Saudi and the UAE have a knack for making lofty promises and delivering on all of them. Whether building a global metropolitan city from scratch or reaching net-zero aims, these two Gulf countries do not make claims and fall short of achieving them.
On October 23, 2021, Saudi Arabia, the world’s biggest oil exporter, pledged to cut its carbon emissions to net-zero by 2060. Crown Prince Mohammed bin Salman said the Gulf state would invest more than $180 billion to reach the goal. But he said the kingdom would continue to produce oil for decades to come.
Documents leaked to the BBC revealed Saudi officials asked the UN to play down the need to rapidly move away from fossil fuels, ahead of the COP26 meeting, which starts in Glasgow on October 31.
At the launch of a climate conference in Riyadh, Saudi Crown Prince Mohammed Bin Salman (MBS), said it would reach the target without affecting the “stability of global energy markets.”
He said the country also would cut its emissions of methane by 30% by 2030. The plans would rely on “the availability of the required technologies to manage and reduce emissions,” MBS said.
Energy Minister Abdulaziz bin Salman said the country would use carbon capture – technology that extracts CO2 from the air, to help it meet the goal. Earlier this year, Saudi Arabia said it would reduce carbon emissions by shifting to renewable energy and planting billions of trees.
On Sunday, October 24, Bahrain’s Cabinet said the Gulf country aims to also reach net-zero carbon emissions in 2060, to help tackle climate change and protect the environment, the state news agency (BNA) reported.
The UAE will invest more than $160 bn to become the first Gulf state to achieve net-zero carbon emissions by 2050, as part of a significant but detail-light climate initiative revealed Thursday at the Expo 2020 site.
“We are committed to seizing the opportunity to cement our leadership on climate change within our region… as we pivot our economy and nation to net zero,” said Sheikh Mohammed bin Rashid Al Maktoum, vice president and prime minister of the UAE and Ruler of Dubai.
The 2050 target aligns the UAE with most major global climate commitment pledges and comes ahead of the United Nations COP26 climate talks in November.
The UAE initiative is in line with the Paris Agreement, which calls on countries to prepare long-term strategies to reduce greenhouse gas emissions and limit the rise in global temperature by 1.5 °C compared to pre-industrial levels.
The government is lobbying to host the COP28 global climate summit in Abu Dhabi in November 2023.
The regional first move will also likely add significant pressure on other major fossil fuels producers, such as Saudi Arabia, to raise domestic ambition to be part of the solution.
Despite efforts to diversify and build its green credentials, oil and gas exports remain a strong part of the UAE economy, making up 30% of the national GDP.

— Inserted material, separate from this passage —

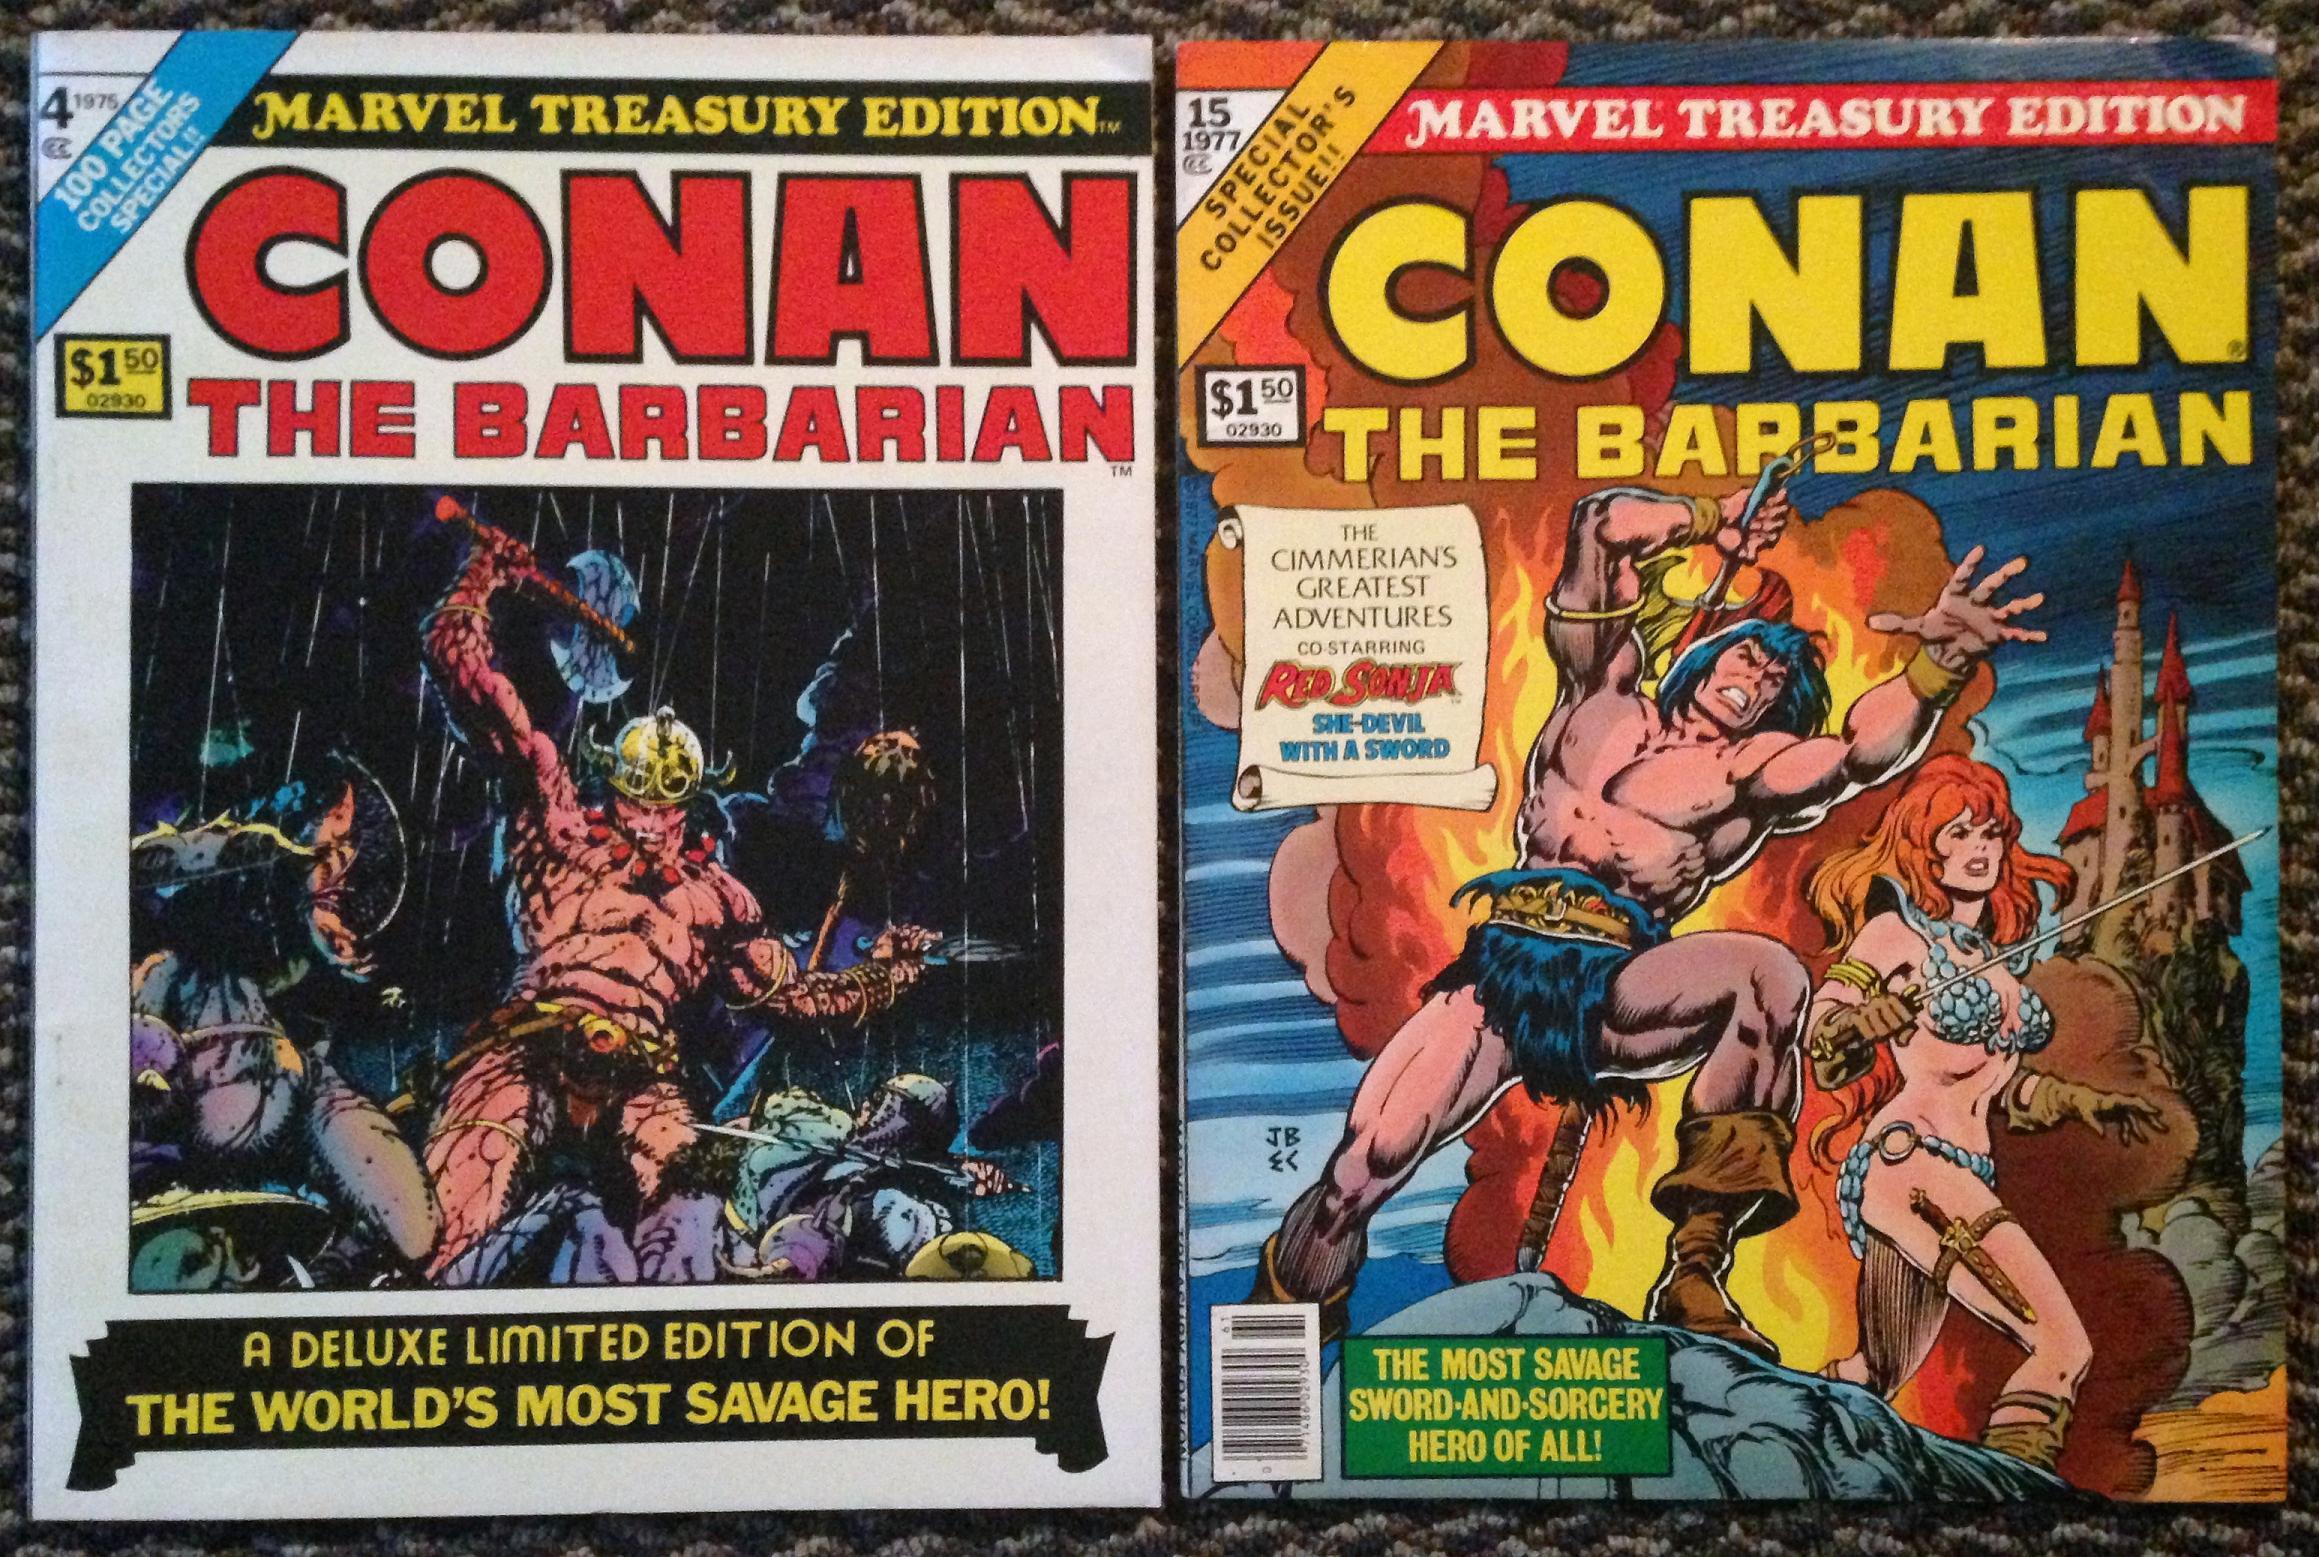 marvel treasury edition conan set (2)

The country produced an average of 4 million barrels per day of petroleum and other liquids in 2019, according to the US Energy Information Administration, ranking it seventh in the world.
Abu Dhabi National Oil Company, known as ADNOC, still plans to invest heavily to increase oil production capacity to 5 million barrels a day in the coming years following approval to invest $122 bn in developing new oil and gas deposits.
The country has invested over $40 bn in clean energy sectors in recent years, as well as contributions to renewable energy projects in 70 other countries, in anticipation of the energy transition.
Its first nuclear power plant, Barakah, has been connected to the national grid and the UAE aims to produce 14 GW of clean energy by 2030, up from about 100 MW in 2015, Reuters reported.
The net-zero commitment could put pressure on neighboring Saudi Arabia, the world’s largest oil producer, to move away from fossil fuels.